AIM OF THE EXERCISE
All that is wanted is the line with "pyörä, polkupyörä, ilmapallo, keltainen" and each line after it to the end of the data below, set down exactly and without pictures.

RAW DATA
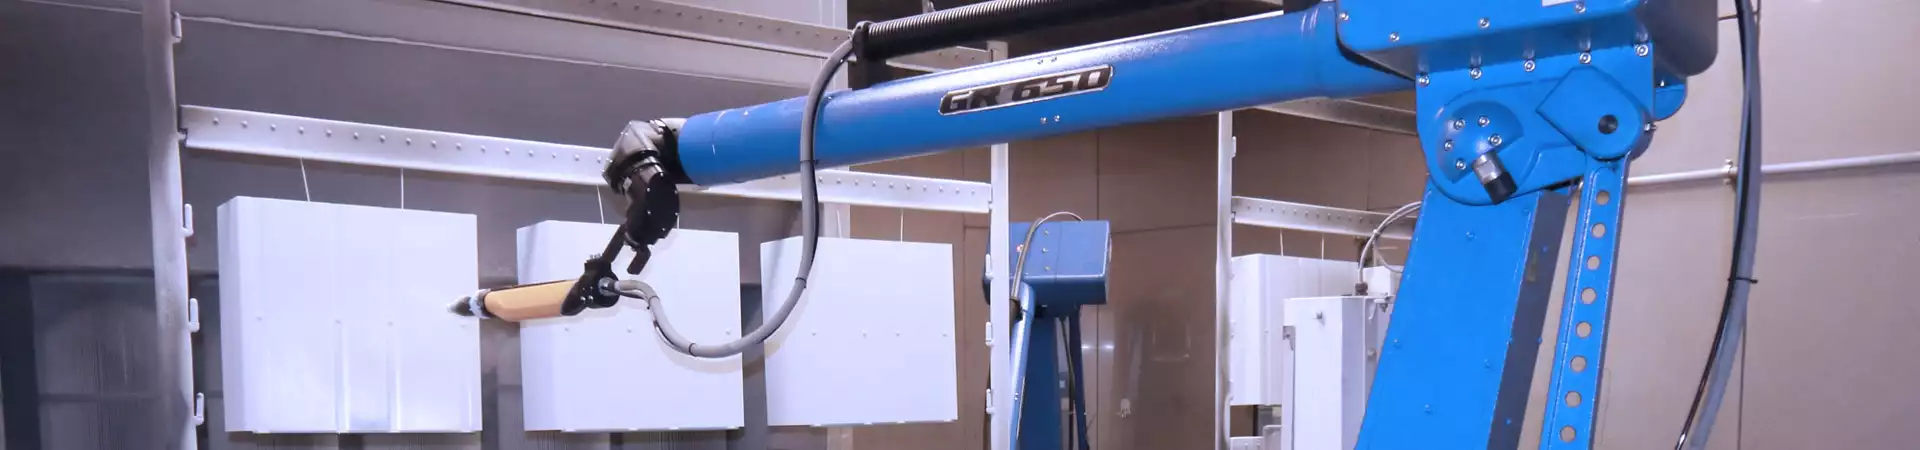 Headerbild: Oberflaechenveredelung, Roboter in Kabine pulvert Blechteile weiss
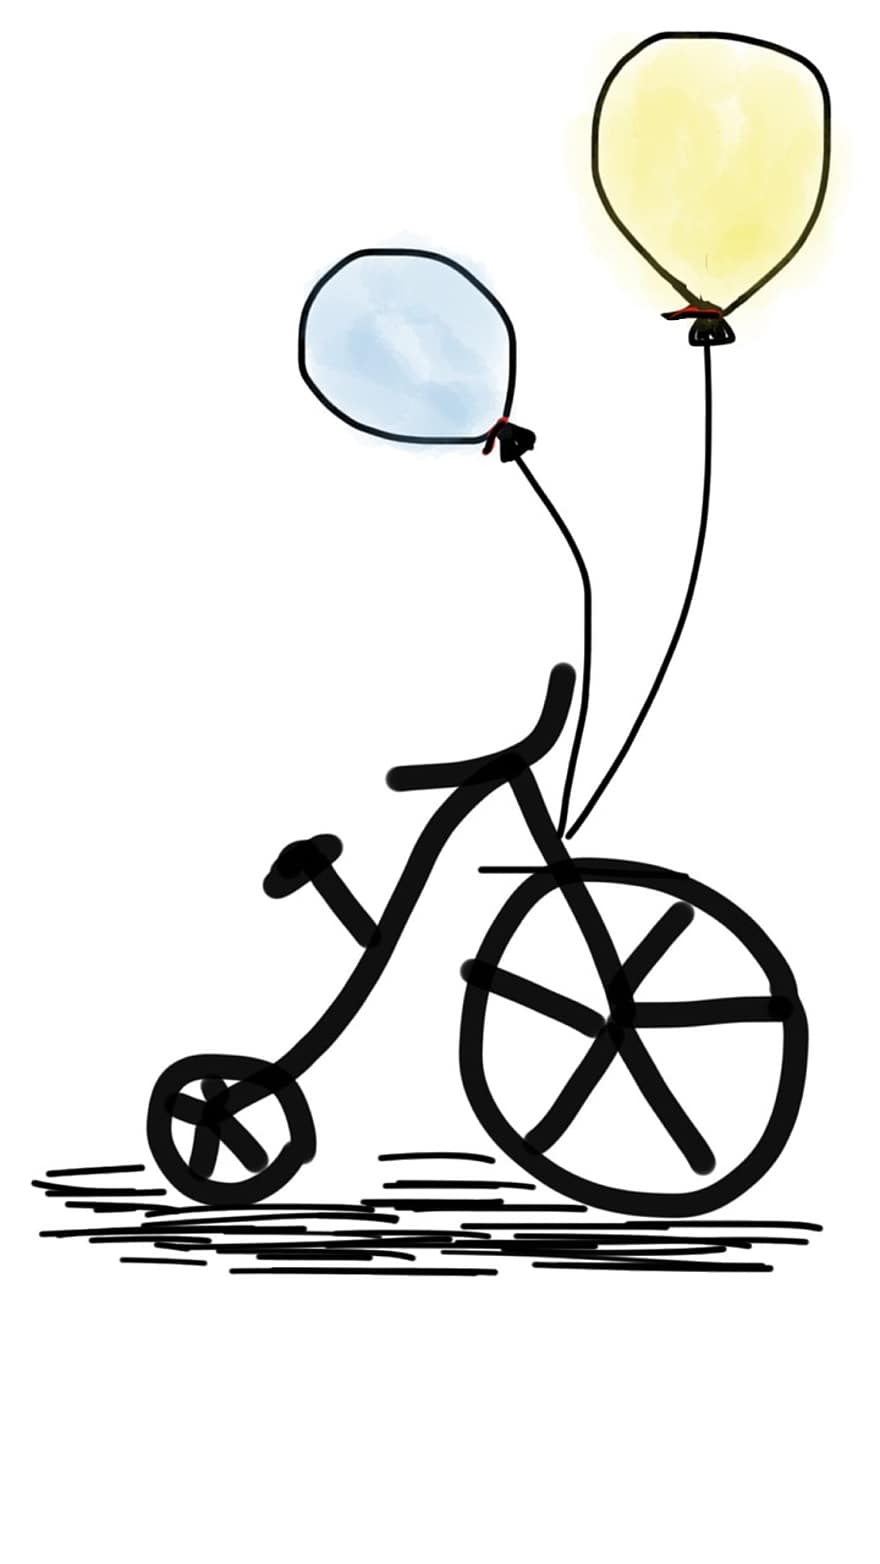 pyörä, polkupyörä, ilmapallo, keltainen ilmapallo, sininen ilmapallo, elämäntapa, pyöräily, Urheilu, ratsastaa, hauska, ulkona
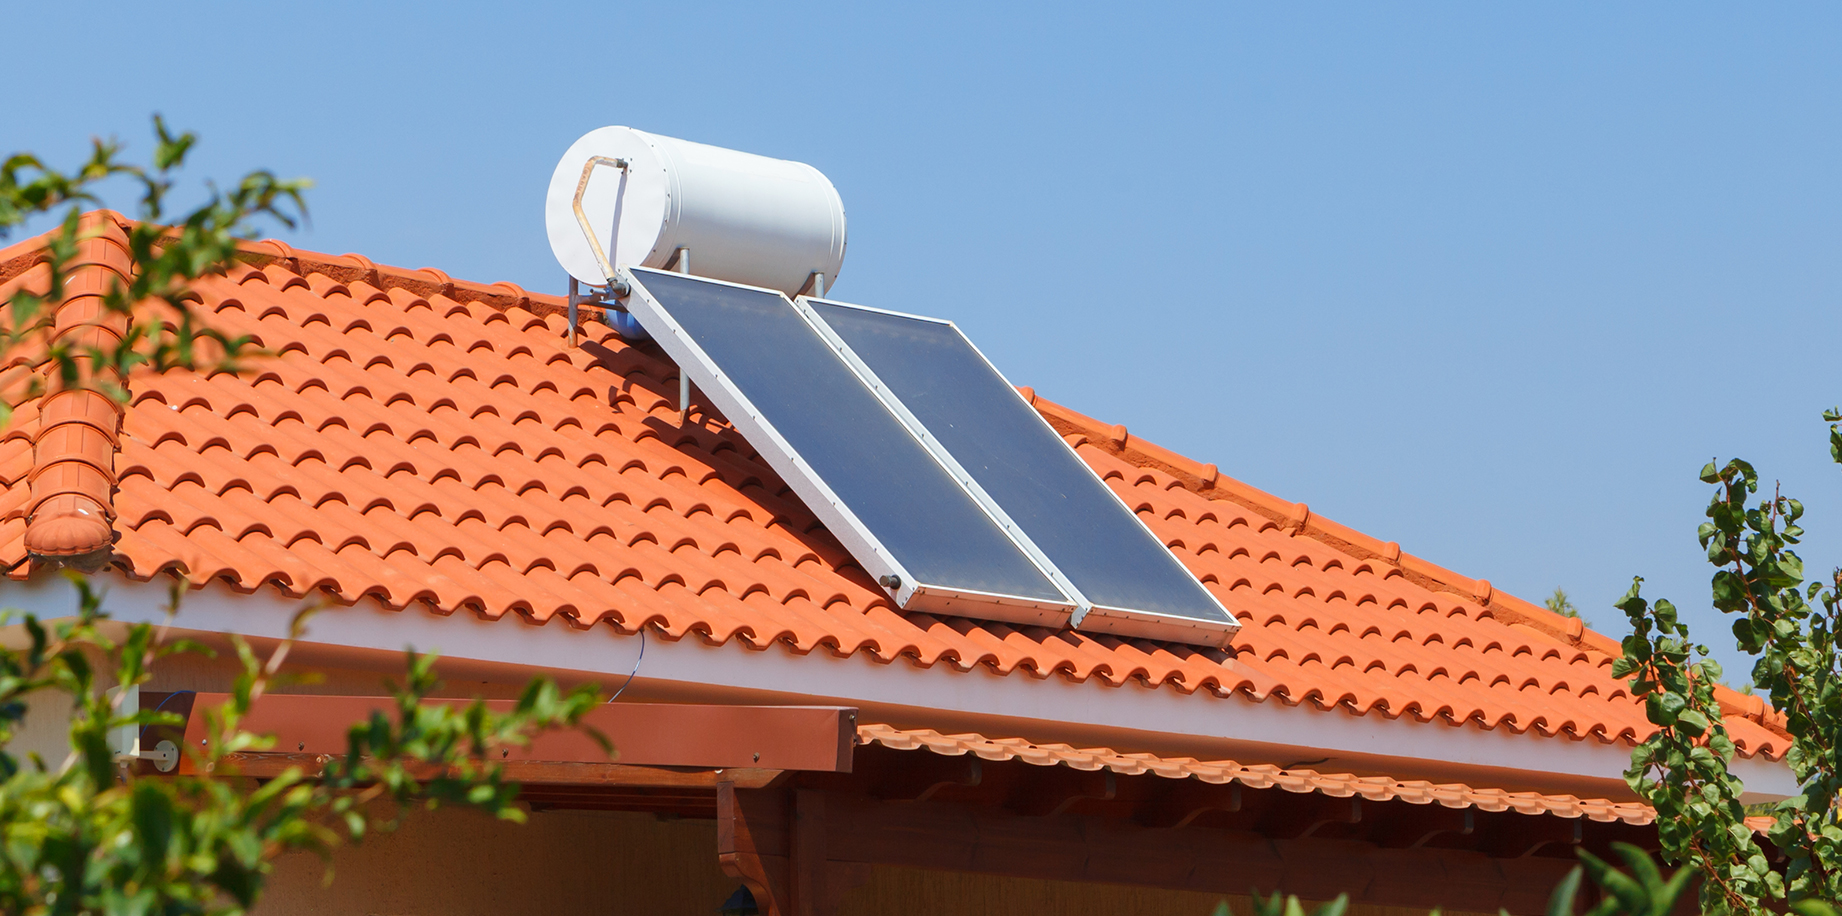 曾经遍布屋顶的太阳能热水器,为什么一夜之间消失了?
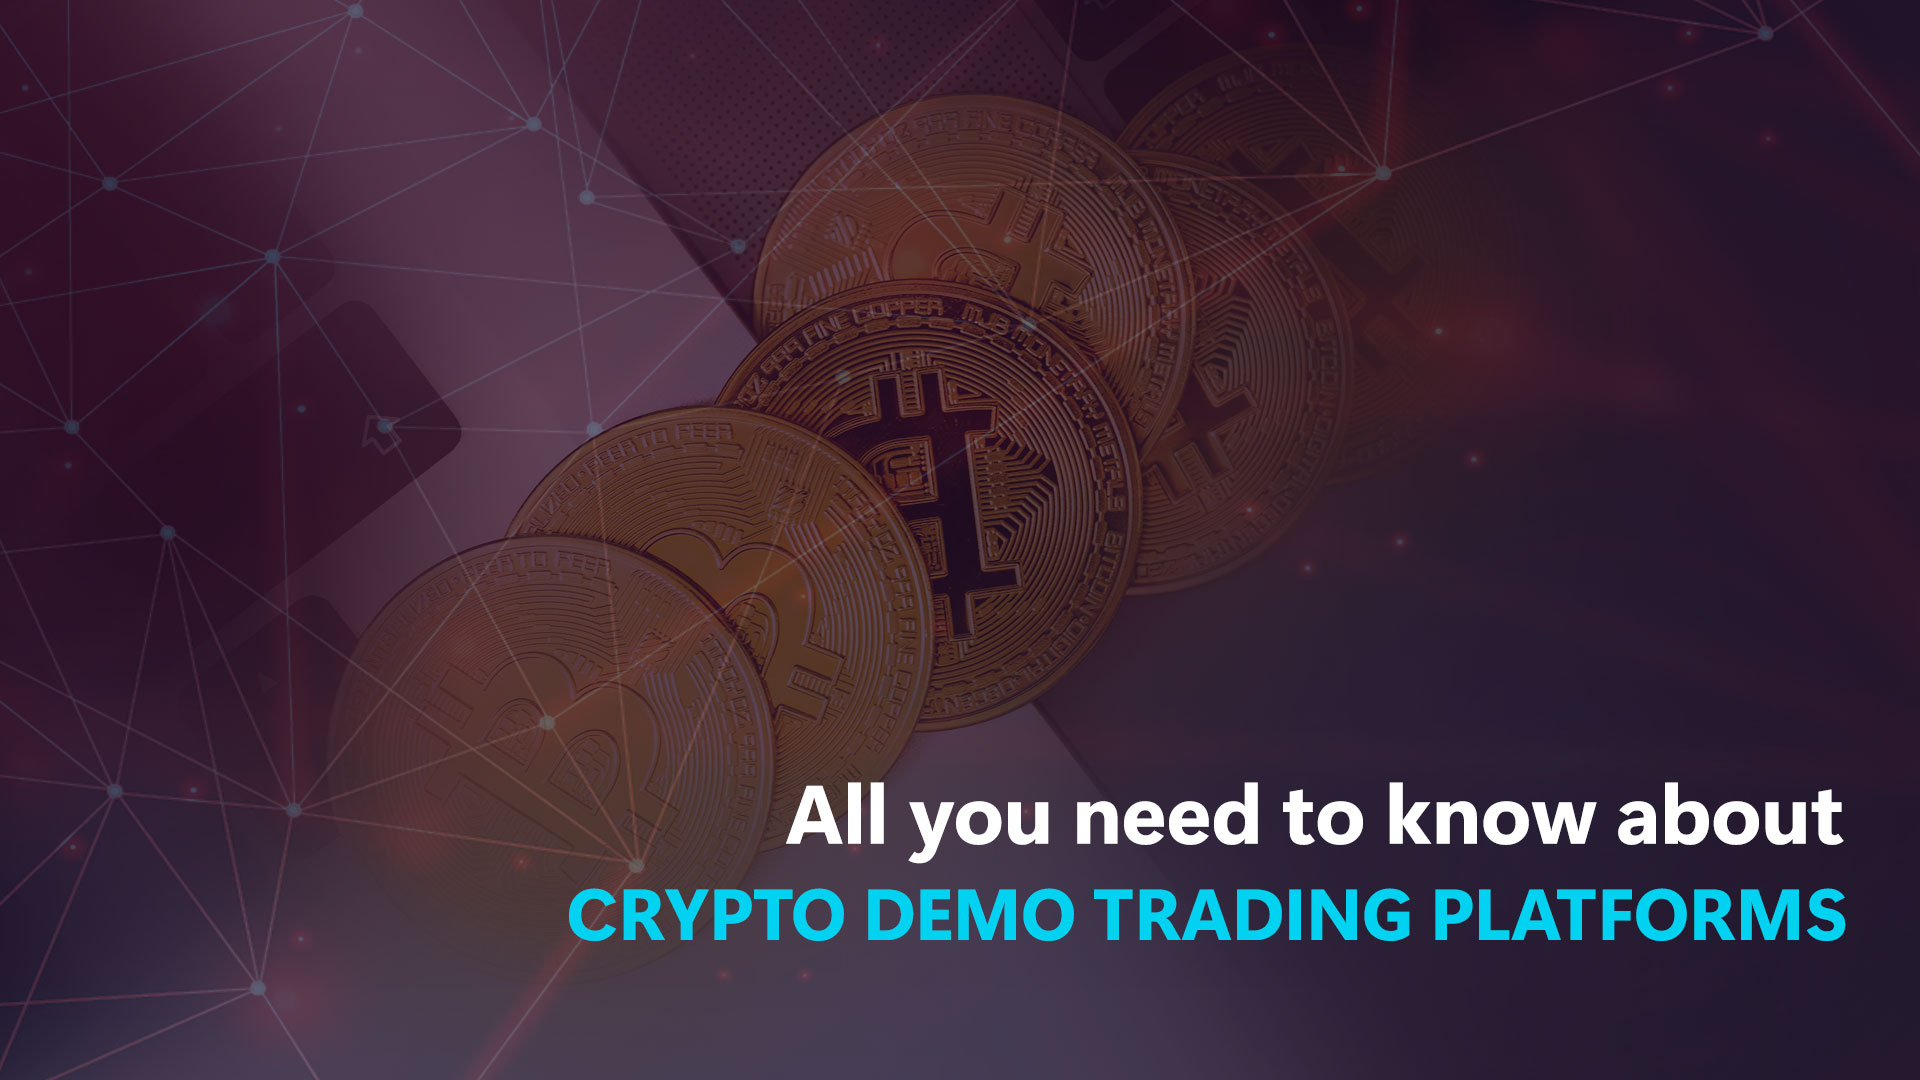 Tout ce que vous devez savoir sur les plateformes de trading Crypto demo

RESULT OF THIS EXERCISE
 pyörä, polkupyörä, ilmapallo, keltainen ilmapallo, sininen ilmapallo, elämäntapa, pyöräily, Urheilu, ratsastaa, hauska, ulkona
 曾经遍布屋顶的太阳能热水器,为什么一夜之间消失了?
 Tout ce que vous devez savoir sur les plateformes de trading Crypto demo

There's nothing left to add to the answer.